Ruth Huggins, a clerk at Sew-N-Save in Clearfield, also helped him with the project.
“I thought it was so sweet,” Huggins said. “We told him to use what he had and how to go about it simply.”
He would have completed more of the quilt every time he dropped by the store, she said.
Huggins referred Jarry Lautenschlager to a woman who could embroider the quilt, she said, the only part of the project he didn’t do himself.
After he sewed scraps together to make a binding and sewed it to the quilt, Huggins said he allowed her to trim the binding for him. Then, she showed him how to hand stitch the binding with blind stitching.
In all, Jarry Lautenschlager estimates he sewed 1,300 blind stitches, all the way around the quilt.
Huggins remembers asking Jarry Lautenschlager what he did while working on the quilt for two hours a night. She recalls him saying he didn’t watch television or listen to the radio.
“I just have conversations with my sweet wife,” Huggins remembered him saying. “He said ‘This has helped me so much.’”
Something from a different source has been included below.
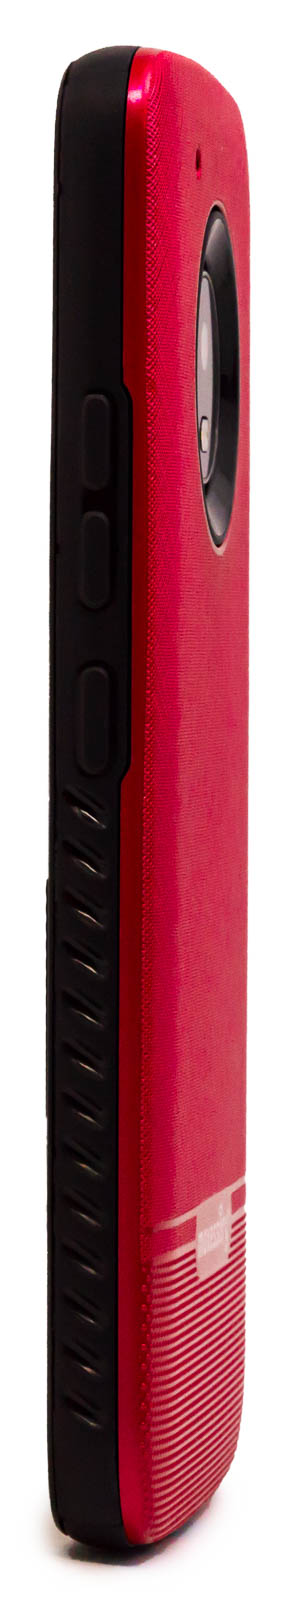 Moto-G5-Plus-Case-Moto-X-17-Case-Ultra-Thin-Hard-Body-Tactile-Shell-Cover thumbnail 33

Jarry Lautenschlager said he got more out of the project than a tribute to his wife. He also found a chance to grieve her loss as he sewed each night to tackle the project, he said.
While he has noticed many widows and widowers who are not ever the same after losing their spouse, Jarry Lautenschlager said he felt healed as he sewed.
“It was a good grieving time for me,” he said. “I had some real tender moments.”